(Data section)

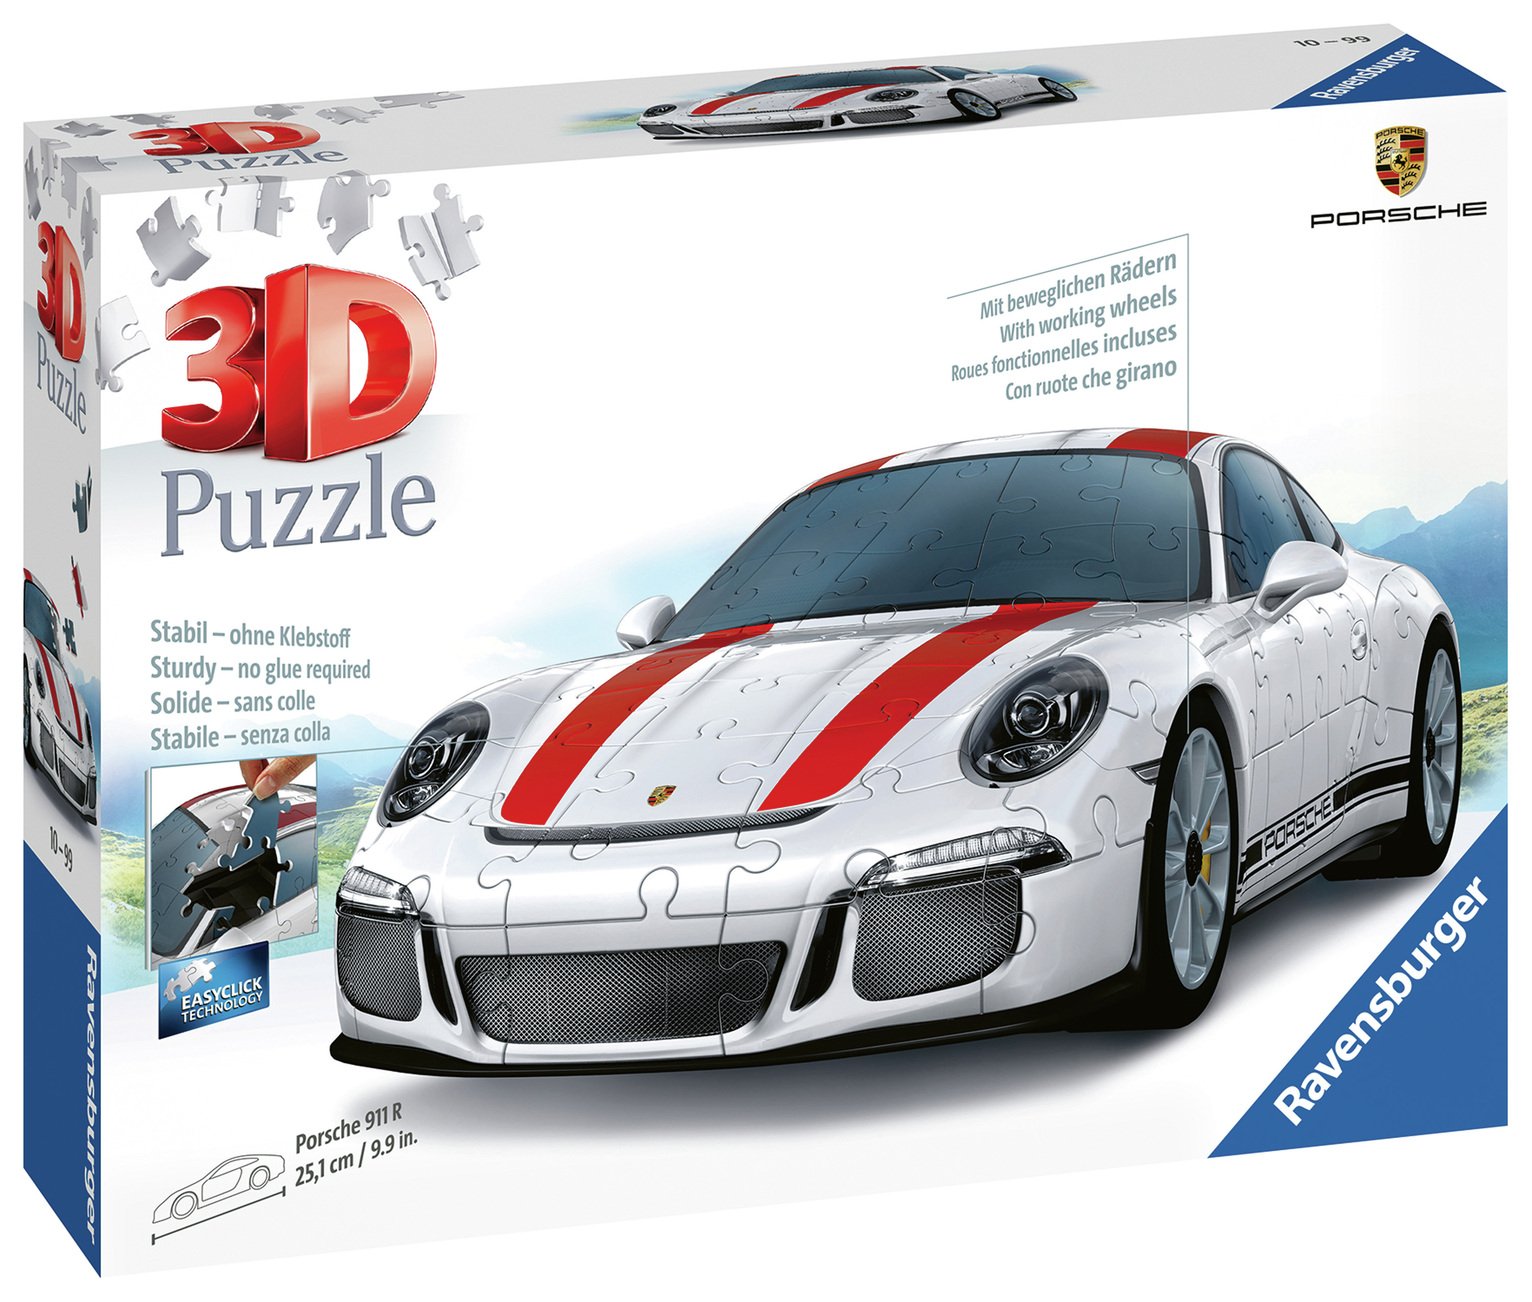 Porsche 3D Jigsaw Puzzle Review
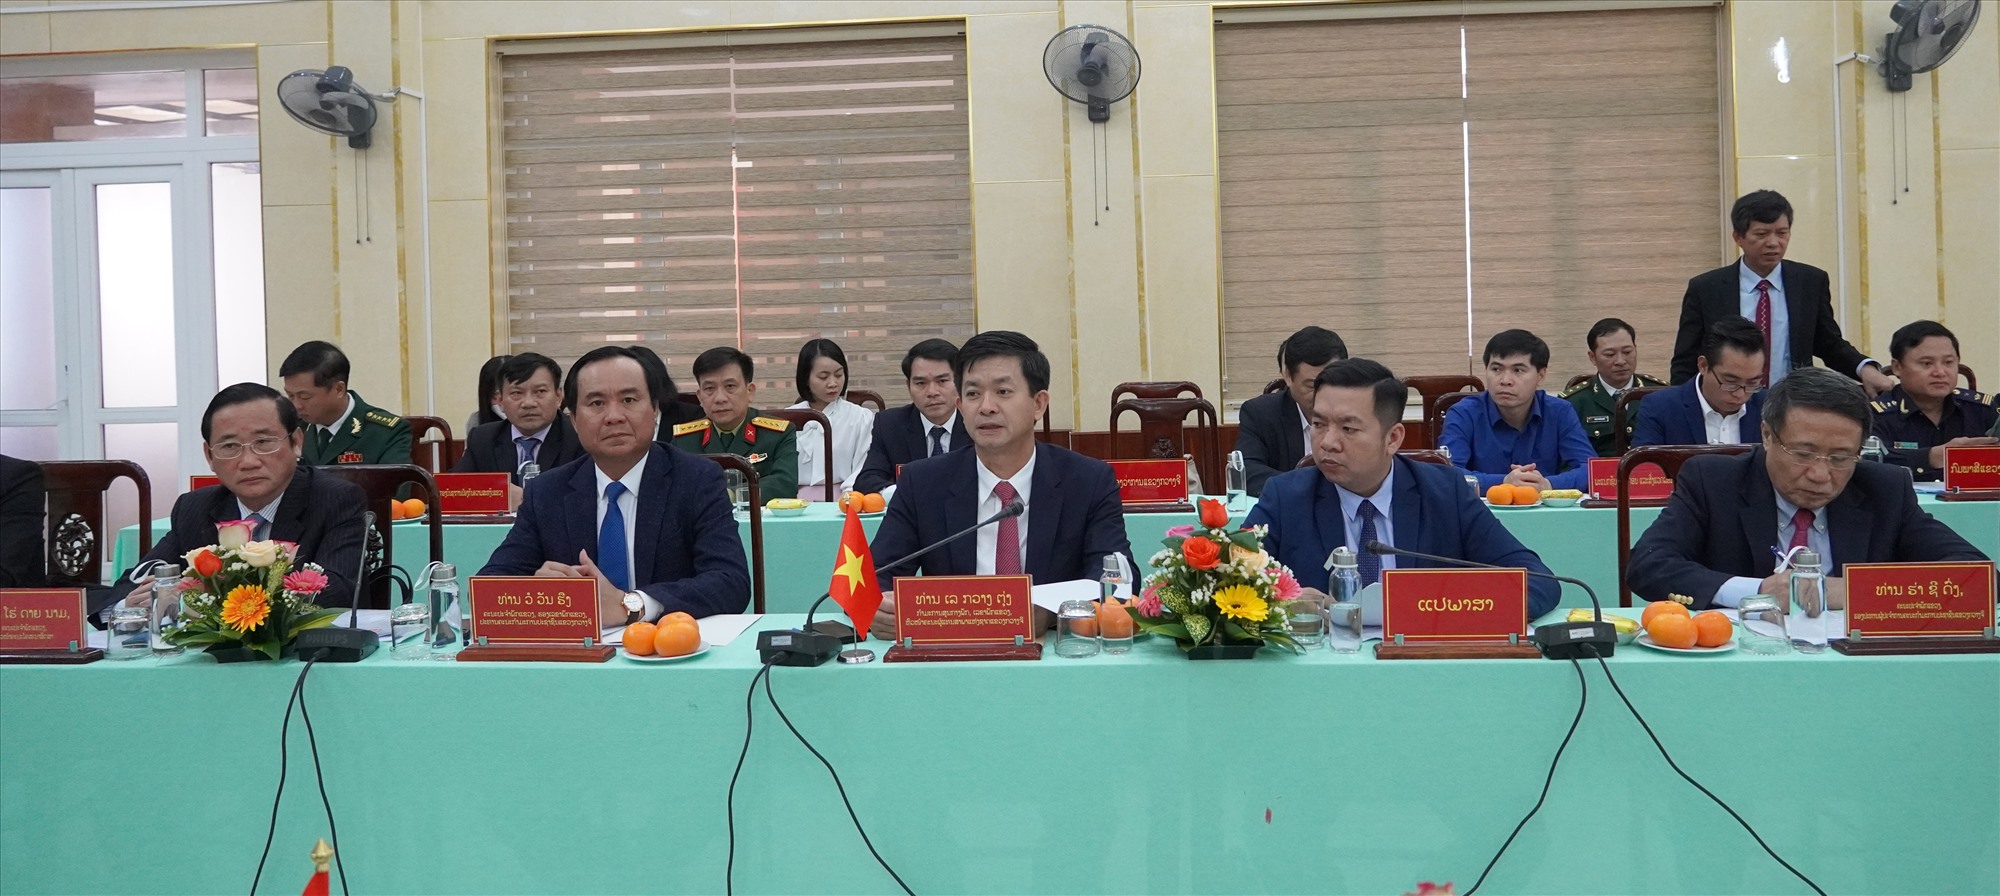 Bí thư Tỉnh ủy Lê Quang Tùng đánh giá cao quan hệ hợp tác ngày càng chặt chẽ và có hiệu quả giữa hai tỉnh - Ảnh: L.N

(End Data section)
(Data section)

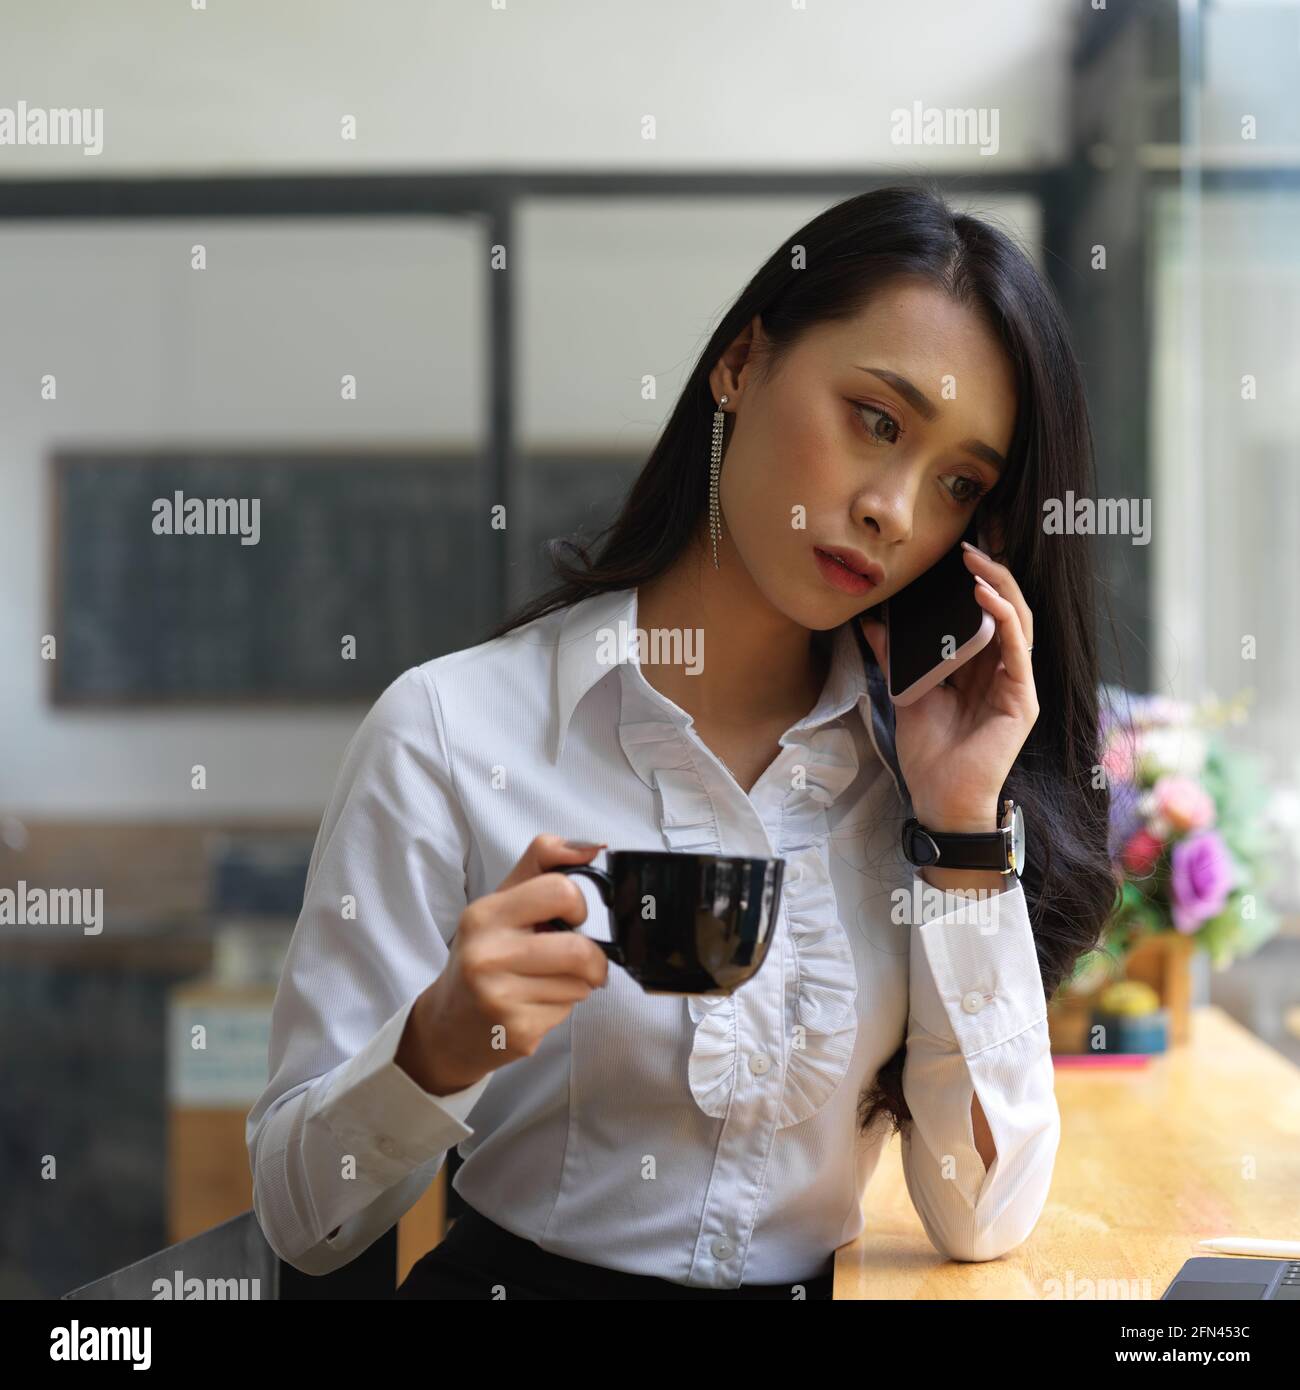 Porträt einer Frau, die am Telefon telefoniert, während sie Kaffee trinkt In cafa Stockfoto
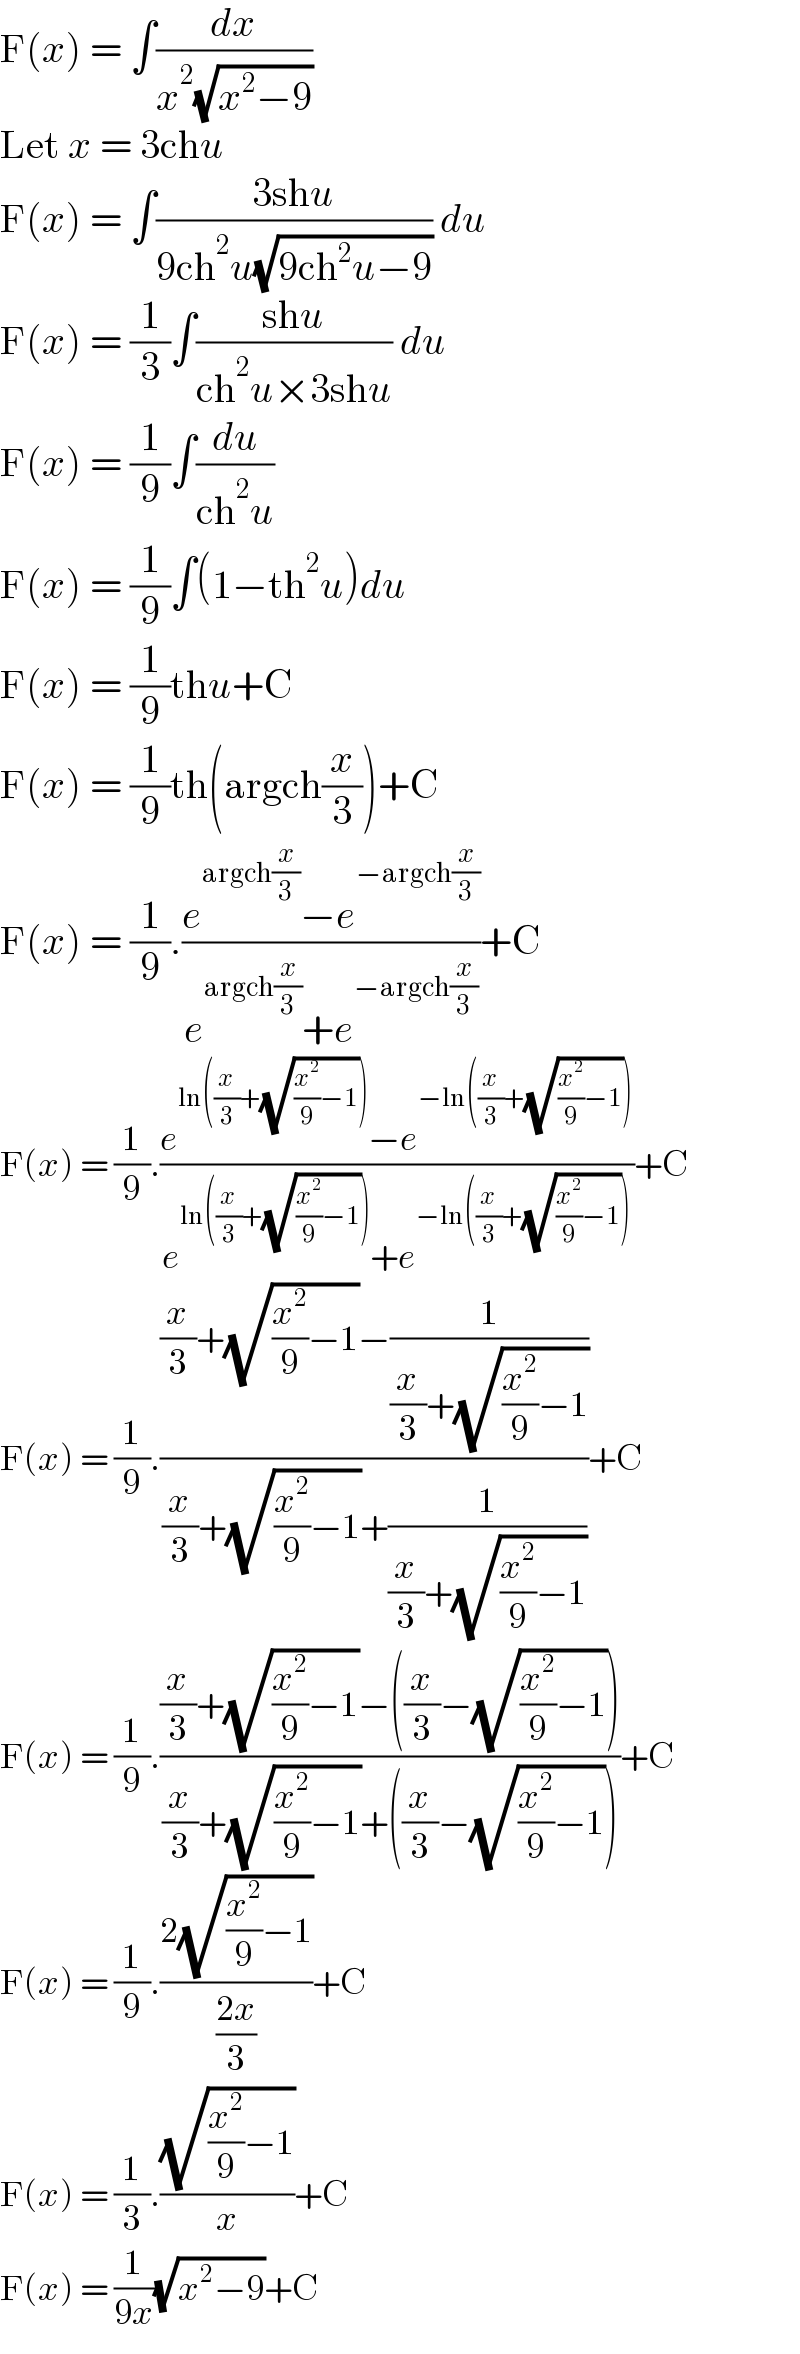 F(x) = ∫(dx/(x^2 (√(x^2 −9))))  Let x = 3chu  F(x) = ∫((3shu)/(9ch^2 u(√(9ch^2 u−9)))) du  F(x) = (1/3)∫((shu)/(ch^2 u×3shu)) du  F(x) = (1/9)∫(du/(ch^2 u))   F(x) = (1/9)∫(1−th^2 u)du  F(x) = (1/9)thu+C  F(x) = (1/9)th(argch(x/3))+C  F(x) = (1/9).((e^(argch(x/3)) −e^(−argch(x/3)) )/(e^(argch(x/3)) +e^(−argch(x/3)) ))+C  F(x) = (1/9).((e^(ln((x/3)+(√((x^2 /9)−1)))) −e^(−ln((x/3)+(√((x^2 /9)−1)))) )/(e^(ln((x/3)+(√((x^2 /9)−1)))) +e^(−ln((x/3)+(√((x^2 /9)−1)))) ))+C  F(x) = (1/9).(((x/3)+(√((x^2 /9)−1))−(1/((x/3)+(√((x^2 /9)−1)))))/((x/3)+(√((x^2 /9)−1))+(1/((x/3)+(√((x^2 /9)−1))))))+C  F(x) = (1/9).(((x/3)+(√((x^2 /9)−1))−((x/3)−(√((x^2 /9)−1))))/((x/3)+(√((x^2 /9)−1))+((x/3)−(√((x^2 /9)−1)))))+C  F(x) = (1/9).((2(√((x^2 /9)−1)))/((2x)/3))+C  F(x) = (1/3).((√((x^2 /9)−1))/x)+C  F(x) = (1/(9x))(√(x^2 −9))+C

(End Data section)

Exercise brief - What you return must match the lines above from the one with "Porsche 3D Jigsaw Puzzle Review" through the one with "Bí thư Tỉnh" exactly, with both ends included and the pictures excluded.

Result -
 Porsche 3D Jigsaw Puzzle Review
 Bí thư Tỉnh ủy Lê Quang Tùng đánh giá cao quan hệ hợp tác ngày càng chặt chẽ và có hiệu quả giữa hai tỉnh - Ảnh: L.N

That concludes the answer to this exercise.